**WHAT IS REQUIRED:** Take the material below and extract the lines from the one with "Elisio overhemd-5" through the one with "iPhone X Safe Area horisontal", word for word, without pictures.

╭─ MATERIAL TO PROCESS

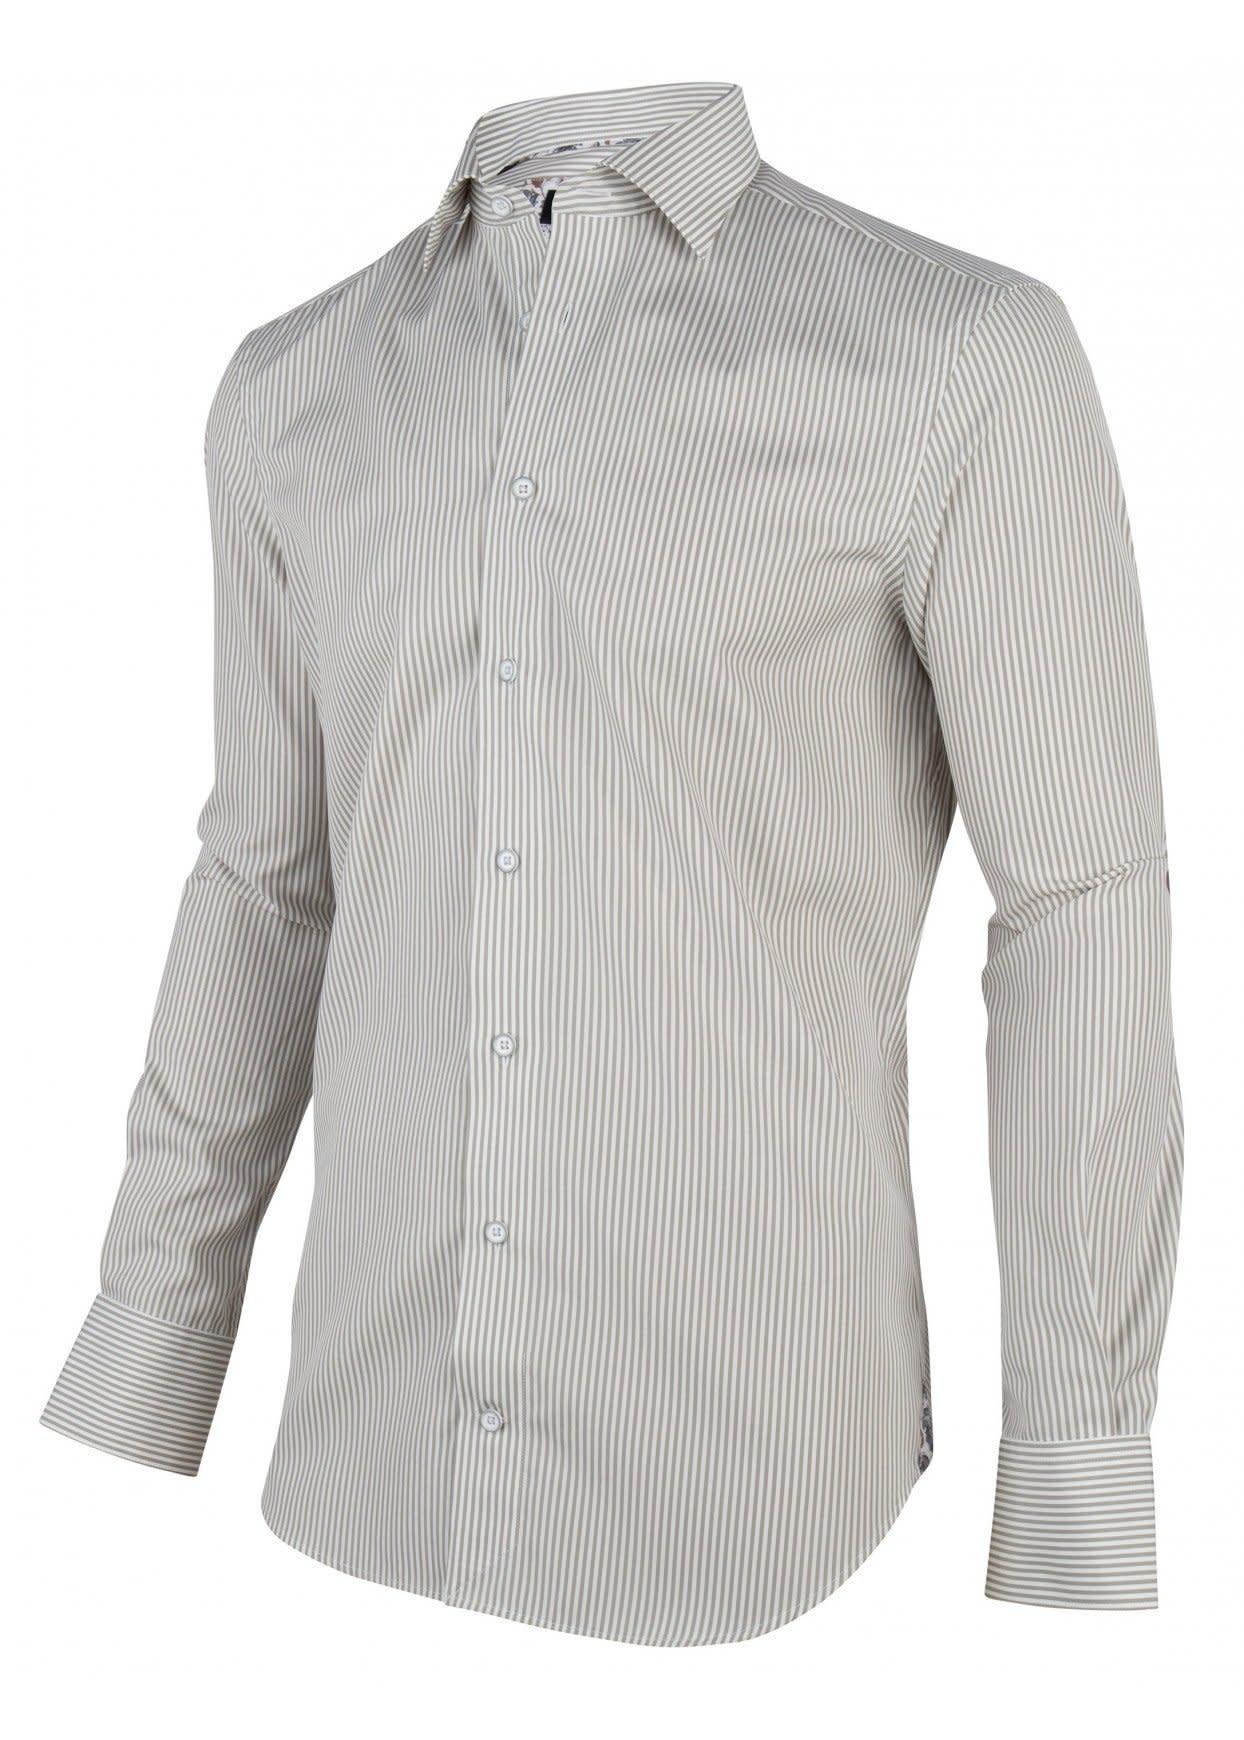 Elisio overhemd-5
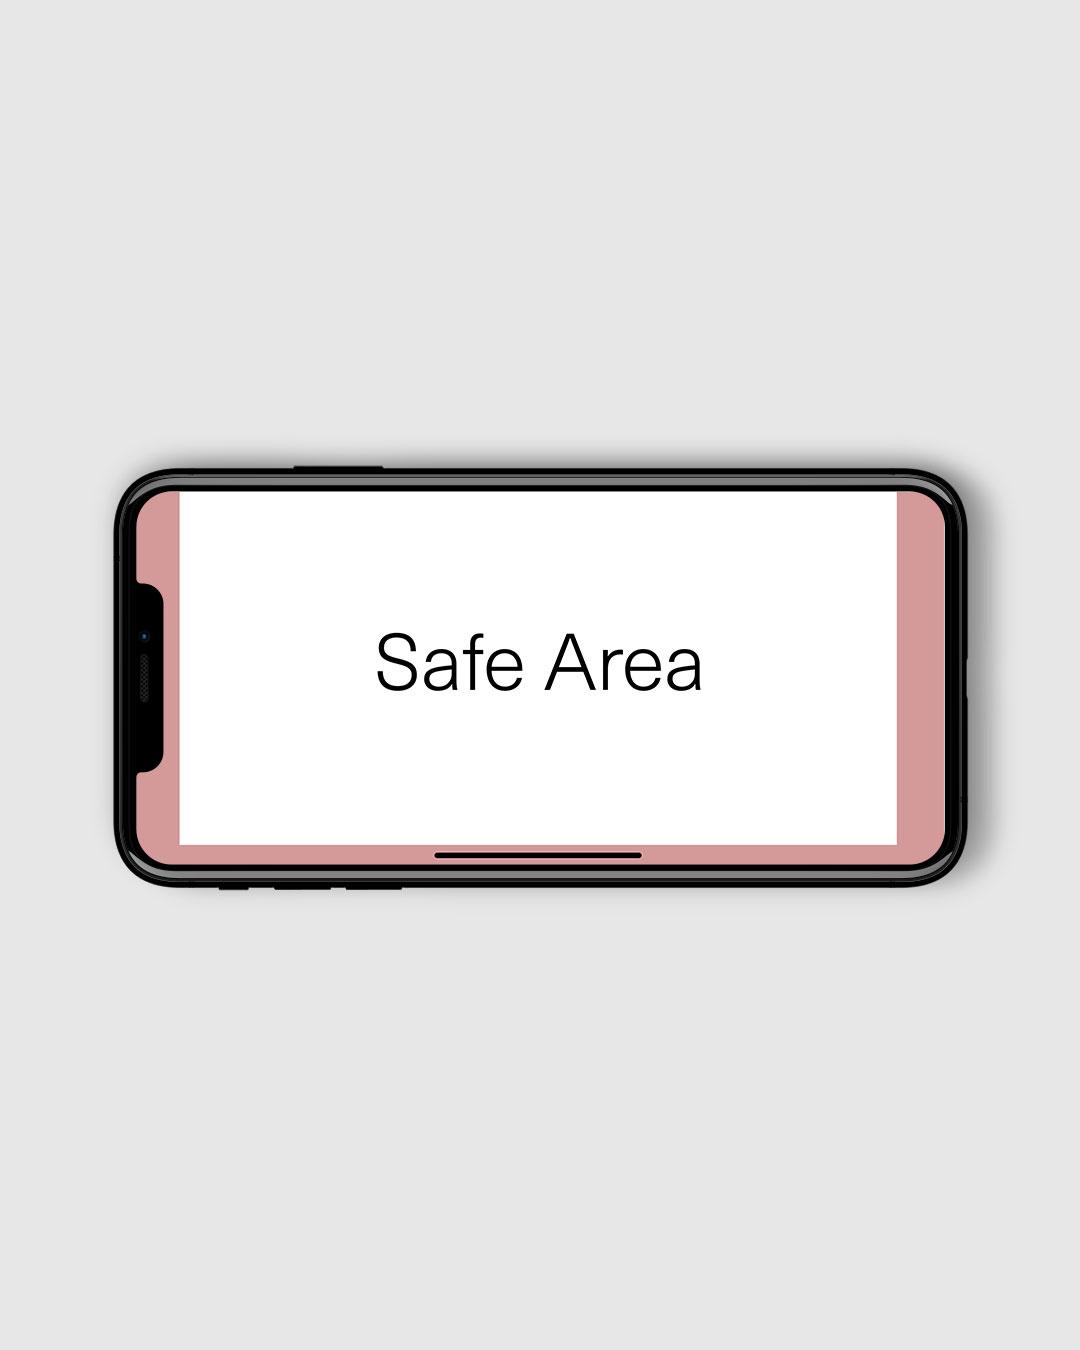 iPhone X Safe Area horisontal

╰─
╭─ MATERIAL TO PROCESS

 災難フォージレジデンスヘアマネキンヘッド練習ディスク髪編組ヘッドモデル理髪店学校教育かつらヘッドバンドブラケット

╰─

**ANSWER FOR THE TASK:**
 Elisio overhemd-5
 iPhone X Safe Area horisontal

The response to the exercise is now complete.